Brittney Griner faces a bleak life in a Russian penal

Brittney Griner faces a bleak life in a Russian penal colony

  • Griner faces a penal colony after losing his drug appeal
  • In the Russian system, inmates had to work long hours for low wages
  • Threat of harsh penalties for breaking trivial rules
  • The language barrier makes the ordeal even more difficult for foreigners

LONDON, Nov 3 (Portal) – Tedious manual labour, poor hygiene and lack of access to medical care – these are the conditions facing US basketball star Brittney Griner in a Russian penal colony after she lost her appeal to a nine-year-old girl last week drug penalty.

It’s a world familiar to Maria Alyokhina, a member of the feminist art ensemble Pussy Riot, who spent nearly two years as an inmate for her role in a 2012 punk protest in a Moscow cathedral against President Vladimir Putin.

The first thing to understand, Alekhina said in an interview, is that a penal colony is no ordinary prison.

“This is not a building with cells.

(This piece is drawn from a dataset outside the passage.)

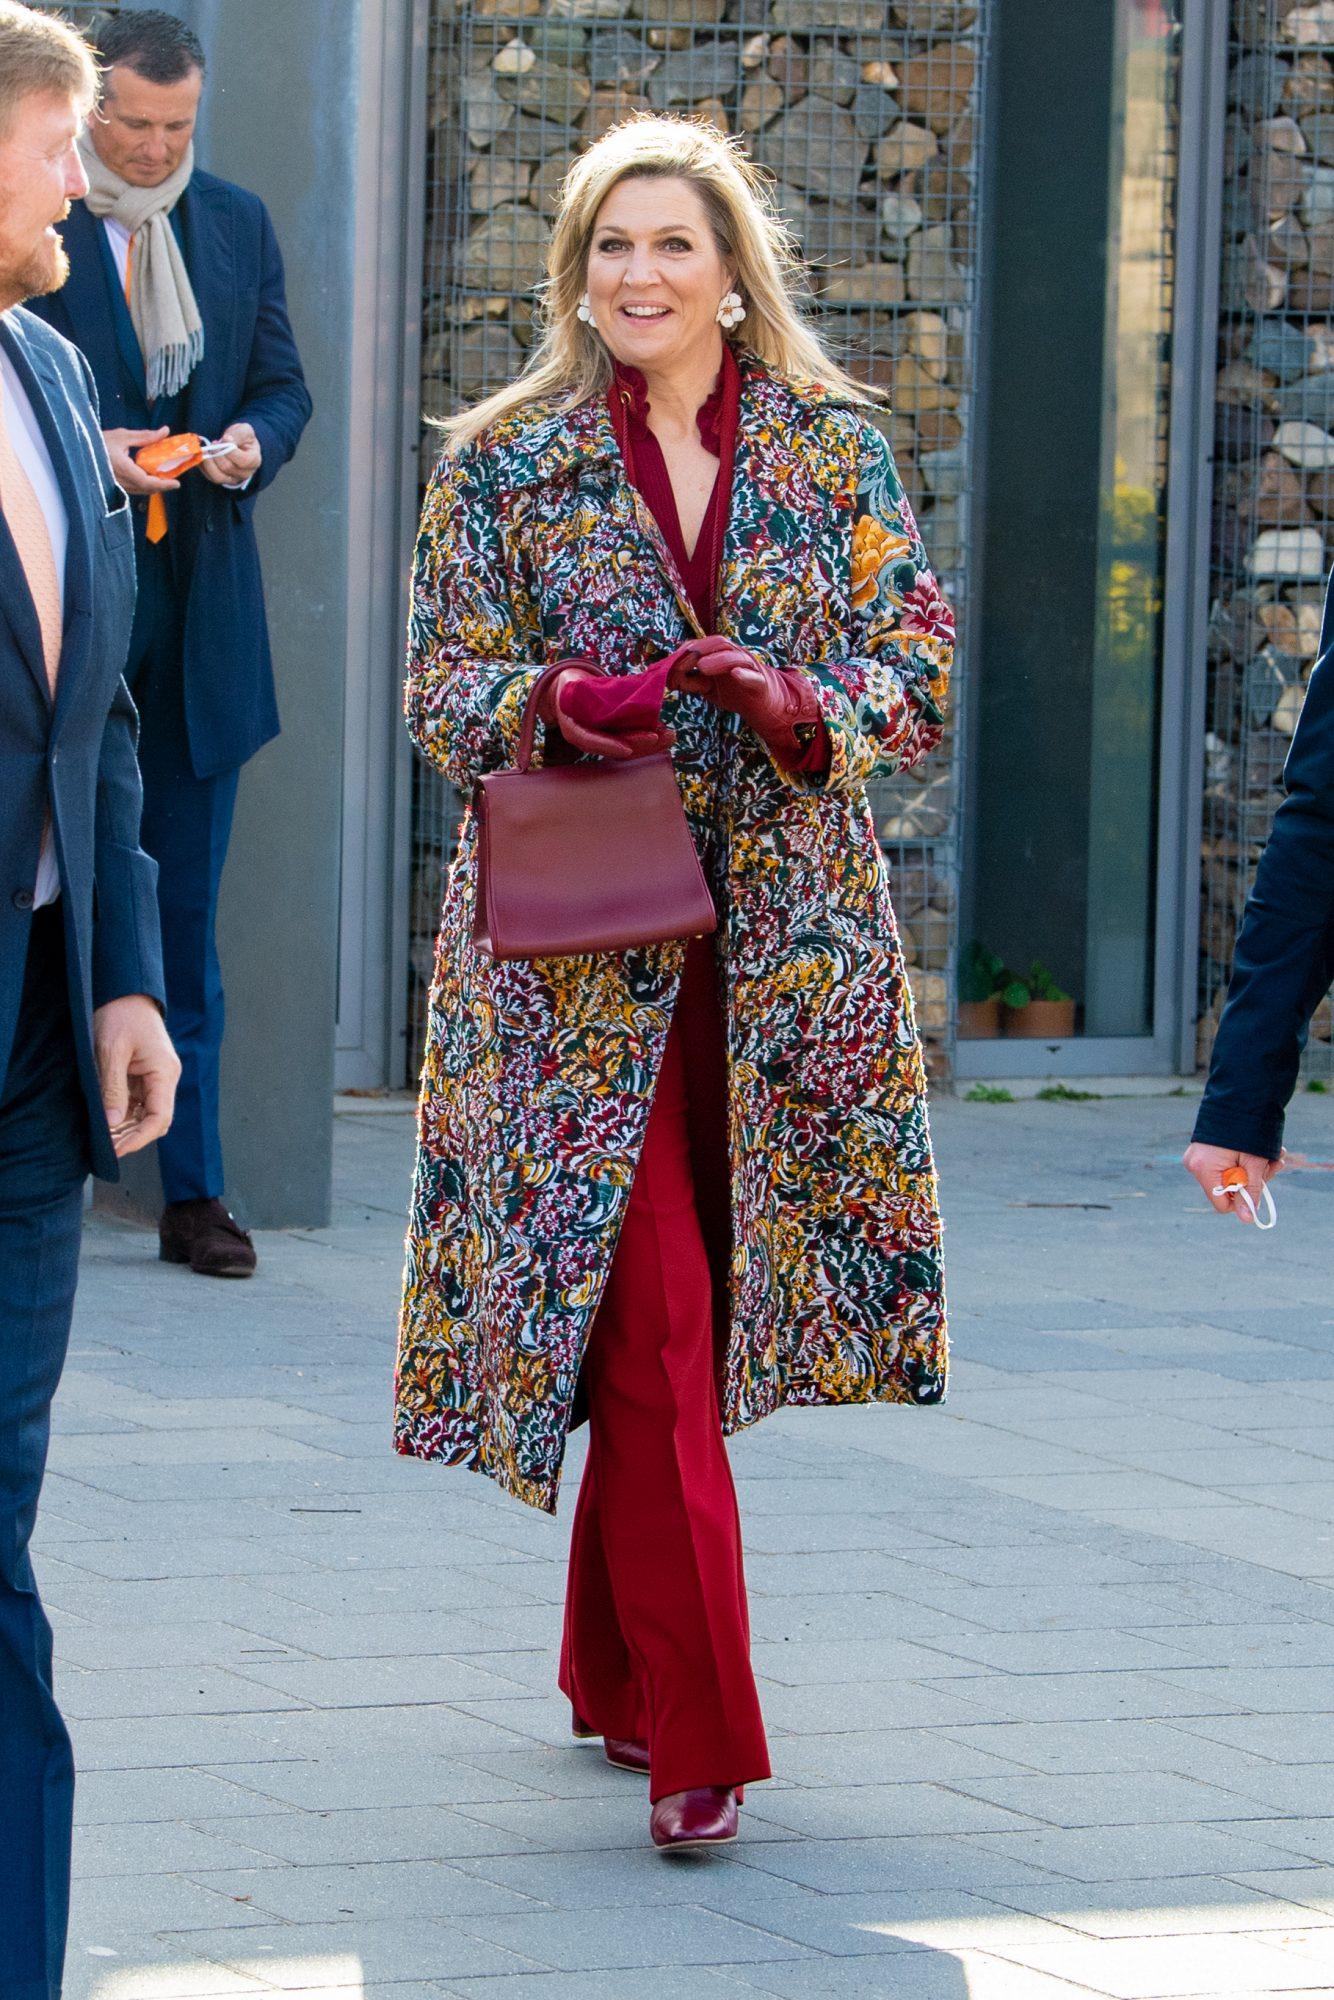 Llega la primavera al traje de la reina Máxima de Holanda

It looks like a foreign village, like a Gulag labor camp,” she said, referring to the vast punitive network set up by Soviet dictator Joseph Stalin to isolate and exterminate prisoners.

“Actually, it’s a labor camp, because according to the law, all prisoners have to work. The rather cynical thing about this work is that prisoners usually sew police uniforms and uniforms for the Russian army, with almost no salary.”

The colony was divided into a factory area, where prisoners made clothes and gloves, and a “living area” where, according to Alyokhina, 80 women lived in a room with only three toilets and no hot water.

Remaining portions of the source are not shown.